After all, a criminal trial is not a game or a sport. “[T]he very nature of a trial [i]s a search for truth.” Nix v. Whiteside, supra, at 166. This observation is particularly applicable to criminal trials, which are the means by which we affix our most serious judgments of individual guilt or innocence. It is fundamentally inconsistent with this understanding of criminal justice to permit a defendant to win acquittal on a rationale which he states, under oath, to be false. “Permitting a defendant to argue two defenses that cannot both be true is equivalent to sanctioning perjury by the defendant.” See Note, Entrapment and Denial of the Crime: A Defense of the Inconsistency Rule, 1986 Duke L. J. 866, 883-884.
Finally, even if the Court’s decision does not result in increased perjury at criminal trials, it will — at the very least— result in increased confusion among criminal juries.3 The lower courts have rightly warned that jury confusion is likely to result from allowing a defendant to say “I did not do it” *73while his lawyer argues “he did it, but the government tricked him into it.” See, e. g., United States v. Dorta, 783 F. 2d 1179, 1182 (CA4 1986). Creating such confusion may enable some defendants to win acquittal on the entrapment defense, but only under the peculiar circumstances where a jury rejects the defendant’s own stated view of the facts. We have not previously endorsed defense efforts to prevail at trial by playing such “shell games” with the jury; rather, we have written that “[a] defendant has no entitlement to the luck of a lawless decisionmaker.” Strickland v. Washington, 466 U. S. 668, 695 (1984). Nor, it should be added, is there any entitlement to a baffled decisionmaker.
Ill
Ultimately, only petitioner knows whether he accepted a loan in exchange for an official act, or whether he obtained it as a personal favor. Today, the Court holds that petitioner has a right to take the stand and claim the latter, while having his attorney argue that he was entrapped into doing the former. Nothing counsels such a result — let alone compels it. Hence this dissent.

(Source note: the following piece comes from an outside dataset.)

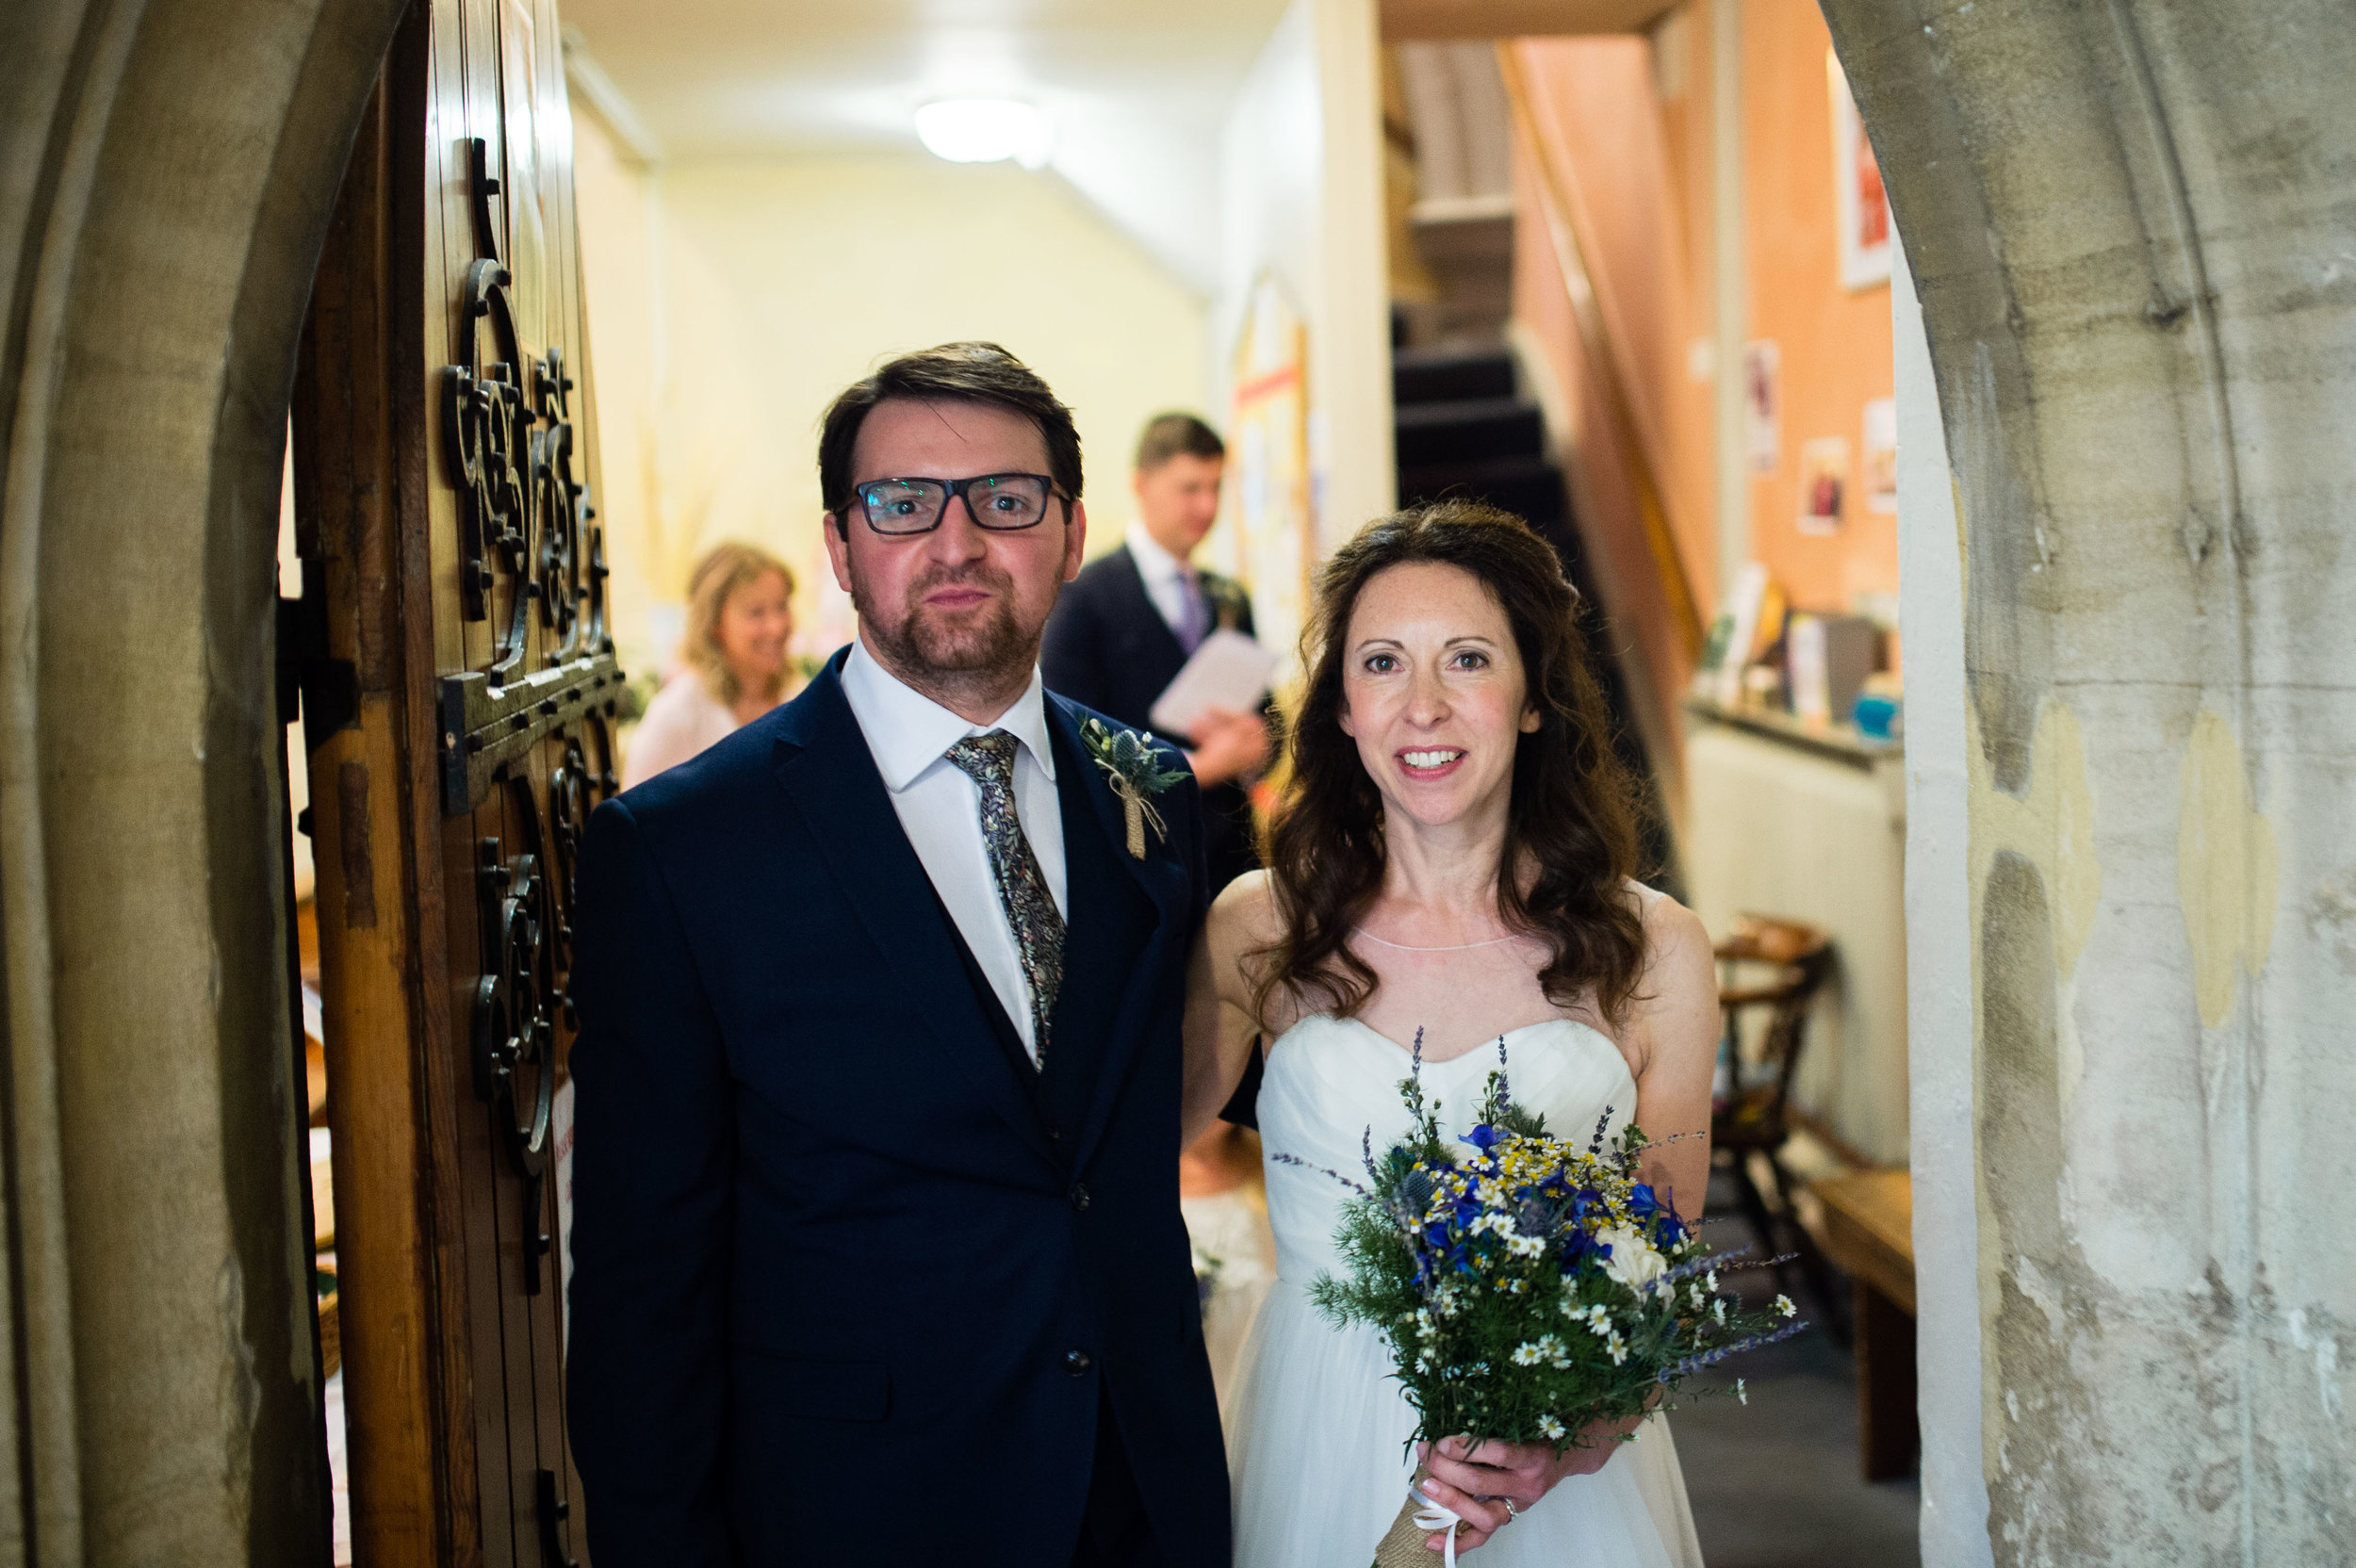 Beechfield house weddings - Abby and Greg (72 of 208).jpg

 While some cases have explicitly permitted inconsistent criminal defenses outside of the entrapment area, e. g., Whittaker v. United States, 108 U. S. App. D. C. 268, 269, 281 F. 2d 631, 632 (1960), others have been less receptive to this defense strategy, see, e. g., United States v. Ervin, 436 F. 2d 1331, 1334 (CA5 1971); Blunt v. United States, 131 U. S. App. D. C. 306, 312, n. 12, 404 F. 2d 1283, 1289, n. 12 (1968). Given the rarity of reported federal cases on this question, drawing any conclusion about the prevailing practice in the federal courts is difficult. See Note, Entrap*70ment and Denial of the Crime: A Defense of the Inconsistency Rule, 1986 Duke L. J. 866, 878-879, and n. 127.

 See, e. g., United States v. Dorta, 783 F. 2d 1179, 1181-1182 (CA4 1986); United States v. Smith, 757 F. 2d 1161, 1167-1168 (CA11 1985); United States v. Henry, 749 F. 2d 203, 214-216 (CA5 1984) (en banc) (Gee, J., dissenting).

 Again, the fact that the system endures the jury confusion caused by inconsistent civil defenses is no support for the Court’s conclusion here. For one thing, reliability is obviously a more important concern in criminal cases than in civil.
Moreover, in civil cases, the trial court has the option of ordering the jury to complete a special verdict form, thus minimizing any errors in judgment which may result from inconsistent defenses. See Fed. Rule Civ. Proc. 49(a). The Criminal Rules contain no similar provision, cf. Fed. Rule Crim. Proc. 31, and “as a general rule special verdicts are disfavored in criminal cases,” see United States v. Buishas, 791 F. 2d 1310, 1317 (CA7 1986).